The project codes and data can be found in the link.
Large Language Models (LLMs) have exhibited extraordinary capabilities in a range of applications, from story generation to writing assistance. However, the potential misuse of LLMs to generate harmful content, such as spear-phishing emails, poses a growing threat. Spear-phishing emails, which lure individuals into clicking malicious URLs through highly targeted content, can result in the leakage of personal information. This paper introduces a framework — SpearBot — for generating spear-phishing emails using LLMs, which comprises two primary components. The first is a series of jailbreak prompts designed to bypass the security policies of LLMs, thereby enabling the generation of spear-phishing emails. The second component involves optimizing these emails through feedback from LLM critics. If an LLM critic identifies an email as phishing, it is refined based on the critique reason until it is no longer recognizable as such.
To assess the efficacy of SpearBot, we deploy various machine-based defenders to evaluate their performance in the phishing emails.
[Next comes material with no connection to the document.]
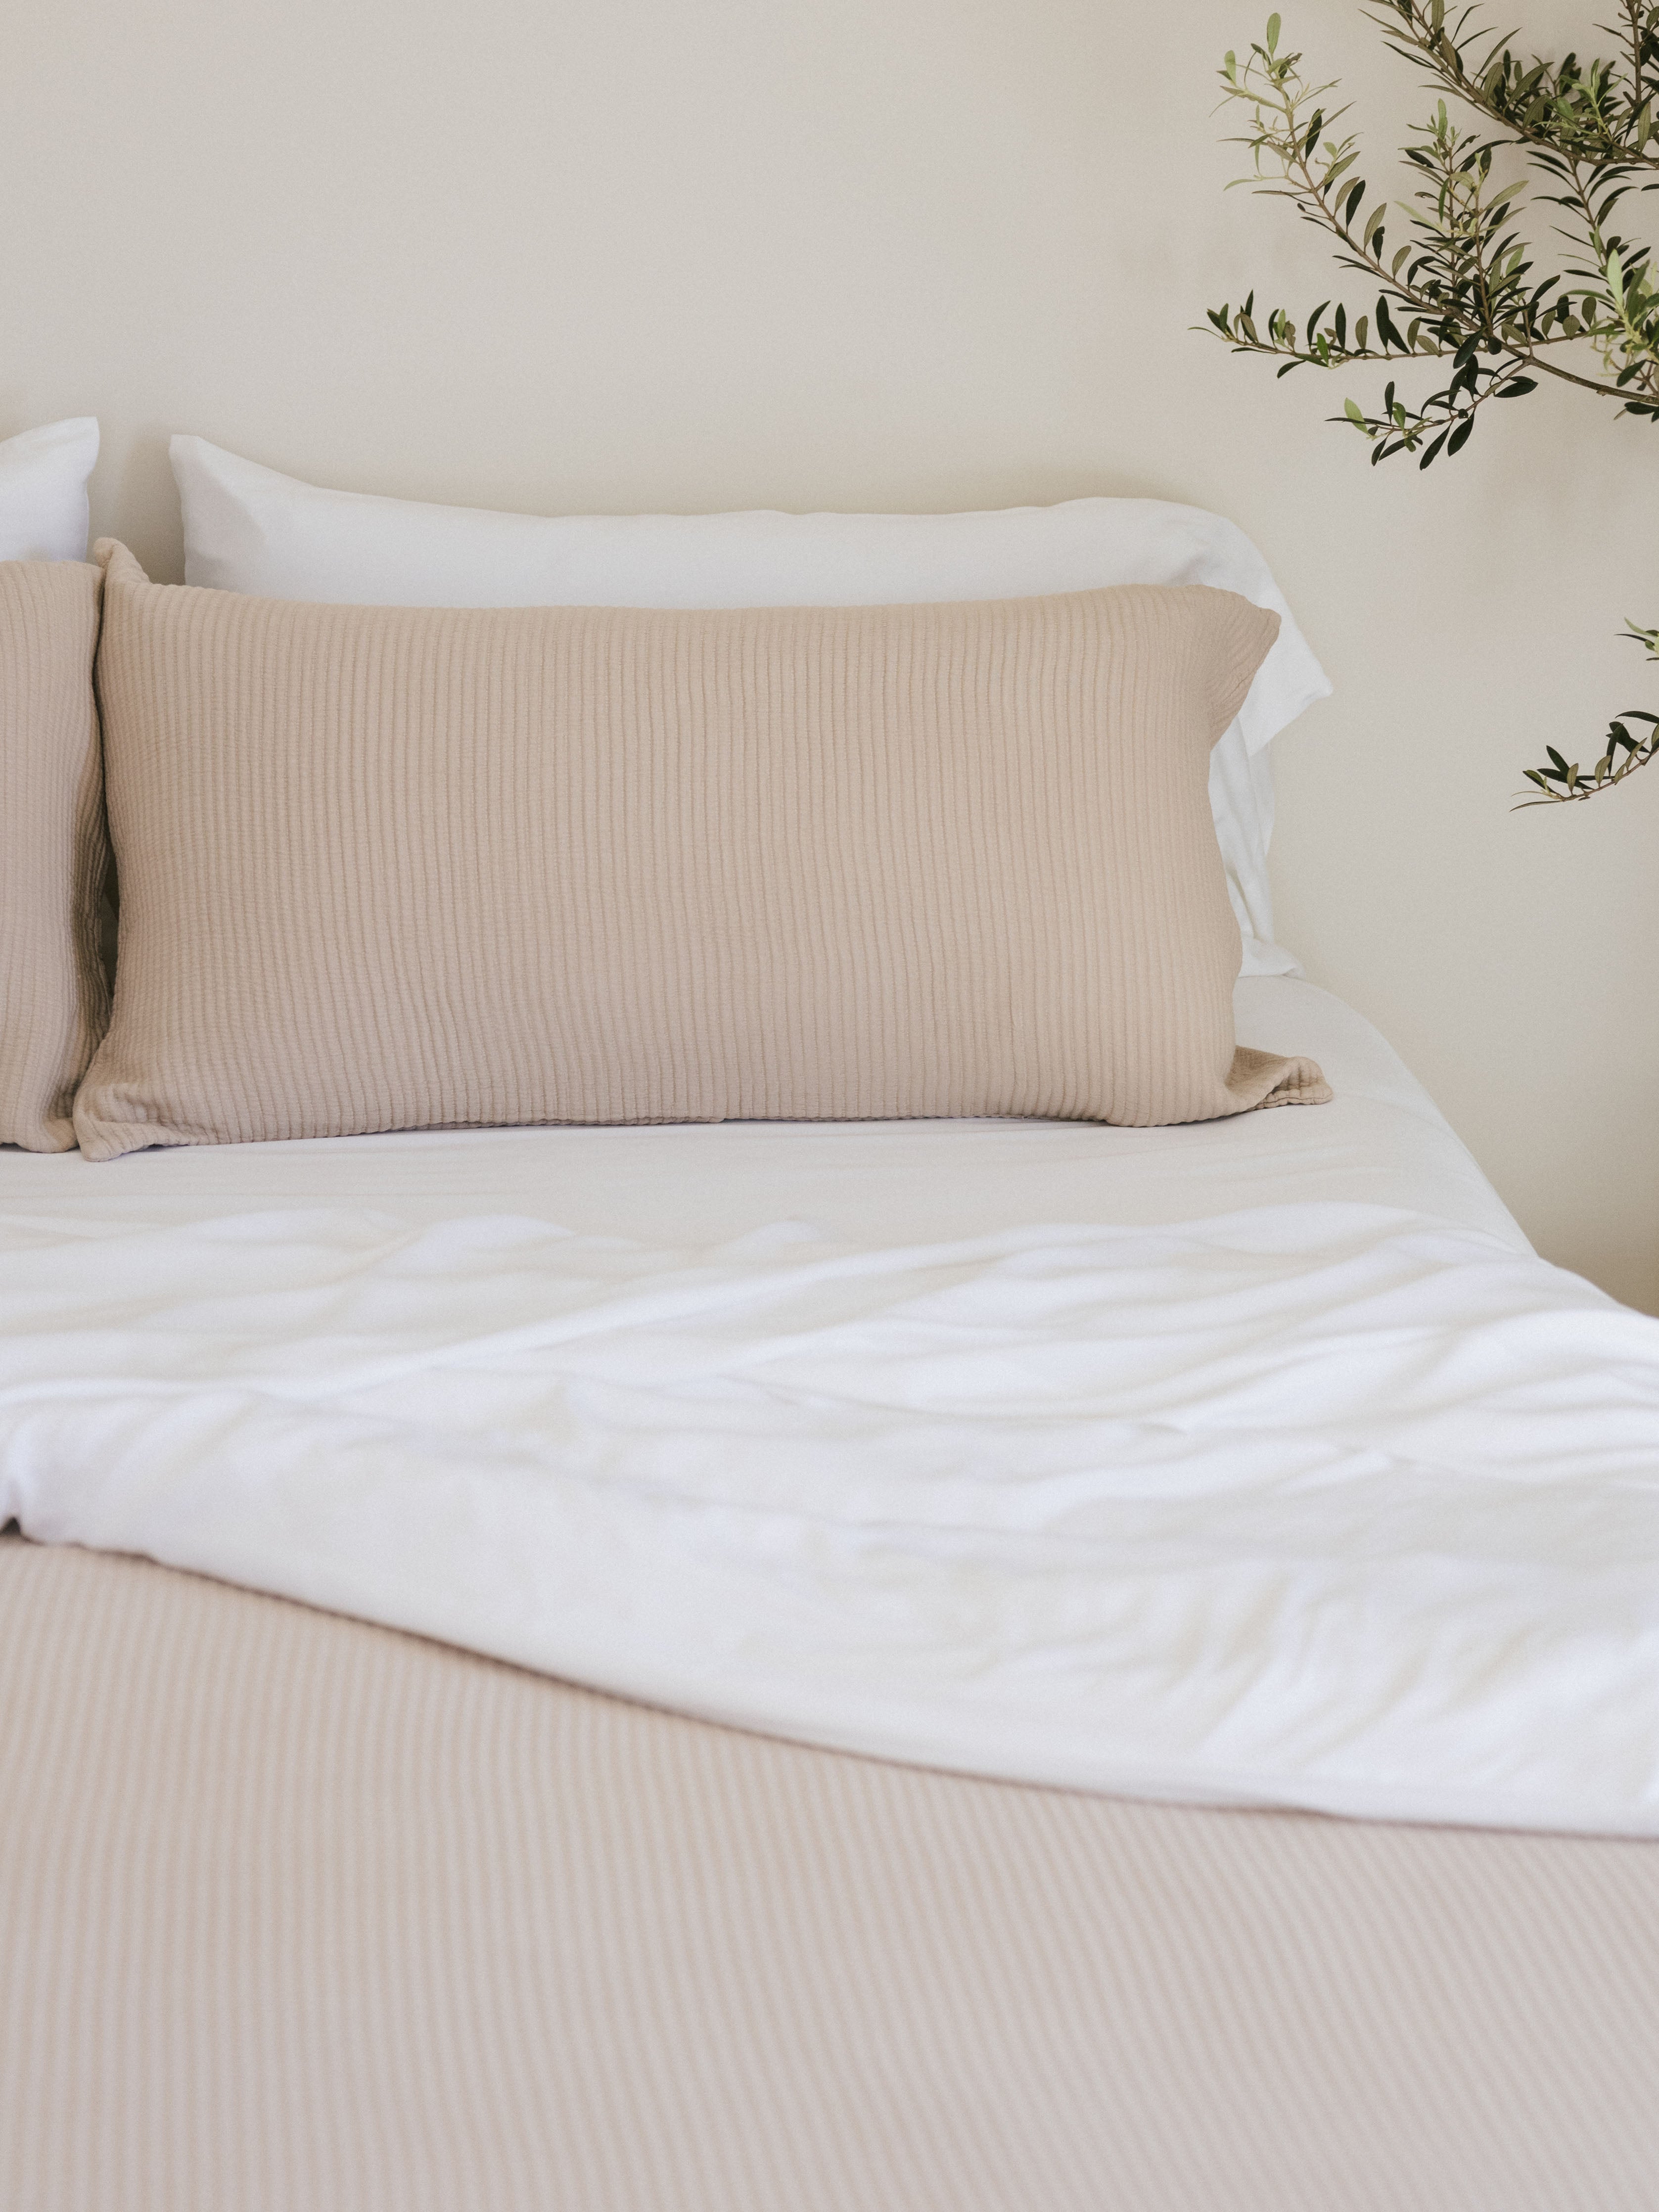 Driftwood coverlet and coverlet shams on white bed |Color:Driftwood

The experimental results indicate that our attacks are notably challenging for these defenders to detect, demonstrating the deceptive quality of the generated emails. Further, we conduct manual evaluations of the generated emails through questionnaires to gauge their readability and deception levels. The findings confirm that our framework can produce highly convincing phishing emails, highlighting the substantial potential harm such LLM capabilities pose. We also propose a mixup training strategy for defenders, i.e. adopting a small number of phishing emails generated by LLMs in training, which can mitigate the threats of LLMs.